PREreview of Engineering the cyanobacterial ATP-driven BCT1 bicarbonate transporter for functional targeting to C₃plant chloroplasts

Review of the pre-print: Engineering the cyanobacterial ATP-driven BCT1 bicarbonate transporter for functional targeting to C3 plant chloroplasts

Summary

Plants operate at a suboptimal photosynthetic efficiency for a number of reasons, one of which being that primary carbon fixation enzyme, rubisco, is relatively inefficient. Cyanobacteria also rely on rubisco for carbon fixation but are able to improve its efficiency by using a carbon concentrating mechanism (CCM) in which they import inorganic carbon to saturate rubisco active sites with CO2. There is an agricultural interest in supplying C3 crop plants with a similar CCM, however, there are several challenges to supplying crops with a cyanobacterial inorganic carbon transporter. One such challenge is correct targeting of the transporter to the inner chloroplast membrane. This has been accomplished before in plants using single-protein transporters such as BicA and SbtA, but the expression of those transporters did not improve the plant’s carbon assimilation. Rottet et al chose to express the four-component ABC transporter, BCT1 (comprised of CmpABCD), which has the potential to be a more efficient transporter, but which required targeting CmpA to the inner membrane space where it could bind the HCO3-, targeting CmpB to the inner membrane to allow HCO3- transport across the membrane, and targeting CmpC and D to the stroma to bind and hydrolyze ATP to provide the necessary energy for the transport against a concentration gradient. Another challenge to heterologous expression of this carbon transporter is the presence of regulatory domains that render the transporter non-functional in a non-native context. To circumvent this issue, the authors used rational mutant design and directed evolution in an E. coli mutant strain that required active carbon transport for survival. This led to the discovery of constitutively active variants with mutations in the putative regulatory domain of CmpC. However, expression of these variants did not improve plant growth.

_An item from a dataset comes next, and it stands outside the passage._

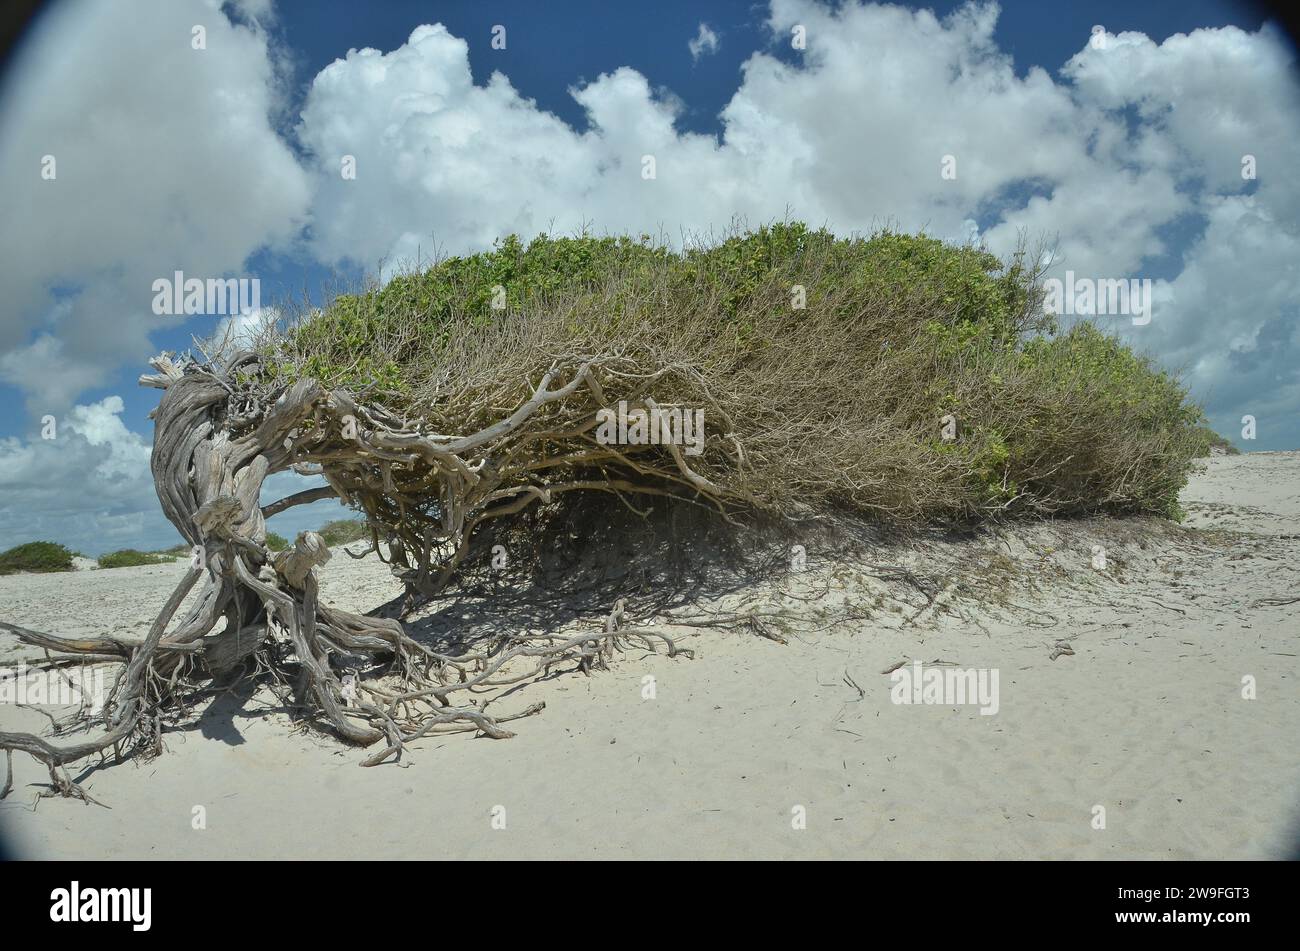 Conocarpus erectus, communément appelé buttonwood ou mangrove bouton, une espèce d'arbuste de mangrove de la famille des Combretaceae qui pousse sur les rivages dans les régions tropicales et subtropicales du monde entier - celui-ci, situé dans la municipalité de Cruz, à Praia do Preá (plage PREA), à environ 12 km de Jericoacoara célèbre, est connu sous le nom de "Árvore da PreguiÇa" ( arbre de paresse ou arbre de salon ), parce que ses racines ont été façonnées par les vents forts de la région, il donne l'impression de se prélasser d'un côté. Etat du Ceara, Brésil. Banque D'Images

Although Rottet et al did not find that expression of BCT1 in plants ultimately resulted in improved carbon assimilation, despite its correct targeting and improved heterologous activity, the authors have creatively combined directed evolution and high throughput testing of candidate transporters in E. coli with their knowledge for plant targeting systems to create an efficient workflow for future efforts in engineering a CCM in C3 plants.

Major points

•        Experiments orthogonal to fluorescence microscopy—for example co-immunoprecipitation assays-- in the N. benthamiana experiments would be helpful to confirm the interactions between the BCT1 subunits.

•        The work in A. thaliana seemed inconclusive. It could be that the constructs are not being expressed—it should be possible to transform with the tagged versions of the constructs and perform western blots to determine if the protein is present and inactive.

Minor Points

•        In the figure 2 and 3 legends it would be helpful to define the promoter and terminator abbreviations used.

•        In Figure 7, it would be helpful to have diagrams of the constructs  listed on the left side of panel A, similar to panel A of figure 8.

•        Figure 4 and 5 could be combined so that the schematic of the constructs are easily shown next to their results in the CAFree growth assay

Competing interests

The authors declare that they have no competing interests.